# Is Grounding using Armored Cable ok?



## pankaek (Oct 29, 2010)

I know this has been posted before but I've read conflicting reports as to what is ok by NEC.

My house was re-wired with 2-wire armored cable (wired in 1993) so this is not the old armored cable people talk about. I'm assuming armored cable was used because of nails etc. behind the walls.

I've re-wired the 2 prong non grounded outlets with 3 prong grounded outlets. The ground wire is firmly attached to the ground screw on the receptacle and firmly attached to the metal box. The armored cable is firmly clamped to the metal box as well. Ground tests show 110V between the hot and ground and nothing between the neutral and ground.
Is it acceptable to ground outlets like this according to NEC?

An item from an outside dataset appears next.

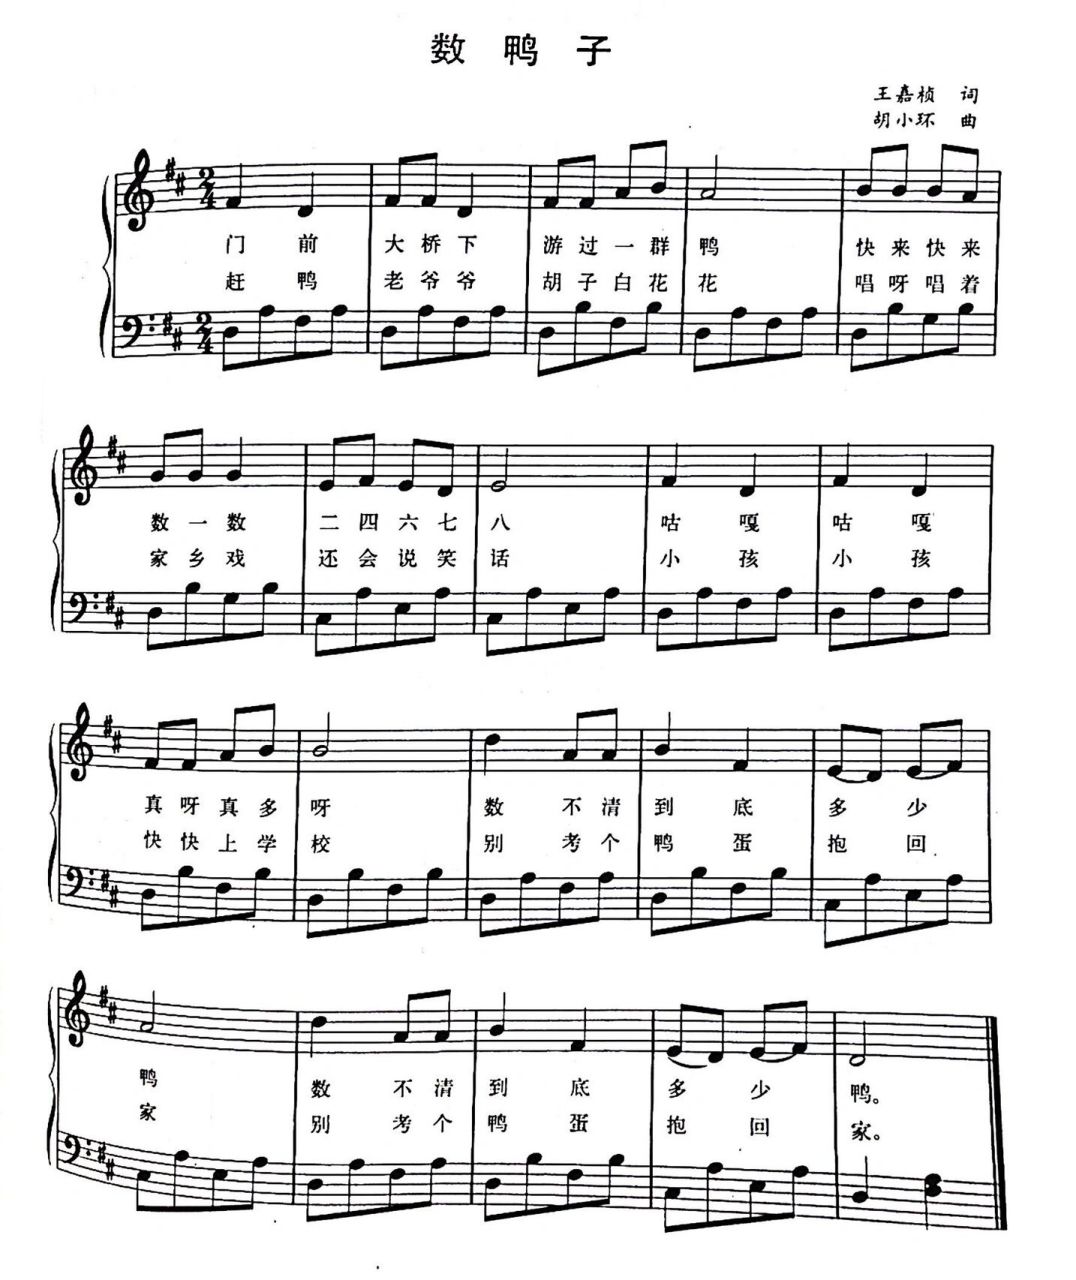 【钢琴】弹奏儿歌:《数鸭子》简谱及五线谱

What are my other options here? Ideally I'd like to have all properly grounded outlets in the house.
Attached is a photo of the 2-wire armored cable.

Thanks

Mike


----------



## nap (Dec 4, 2007)

Is there a small bare conductor within the metal sheath? If not, you cannot use the sheath as an egc. It's just that simple.


If there is no small bare conductor inside the sheath, yes, that is the old AC (colloquially: BX) cable that everybody talks about.


----------



## pankaek (Oct 29, 2010)

Yes, there's a bare metal wire (see attached photo) from one of the wires I pulled out from the house.
I'm still a bit paranoid that maybe not all the armored cable has this bare wire so I should probably double check every single outlet that's rewired. Also I'm wondering why the electricians didn't originally put in grounded outlets back in 1993.


----------



## nap (Dec 4, 2007)

that is the revised AC cable and the sheath is wholly acceptable as an egc. That is the improvement that came from the problems with the original AC (BX) cable. 

If you have doubts to the modern AC, it surely wouldn't hurt to check.

Why they didn't install grounded outlets in 1993? No idea. They were required in all new installations at that time.


----------



## pankaek (Oct 29, 2010)

Thanks Nap,

appreciate the help. I'm guessing the previous owner had the house rewired but was too cheap to buy new grounded outlets and possibly kept the old ones that were there. I've also replaced all the old light fittings that were in very poor condition and had badly corroded wires. Seems counter productive to redo the wiring but keep the old fittings and outlets.

The joys of an old house!


----------



## nap (Dec 4, 2007)

I always tell people to put the money in the walls rather than something that is easily changed. Changing receps is easy. Running that stuff in the wall, now, is a bear.


----------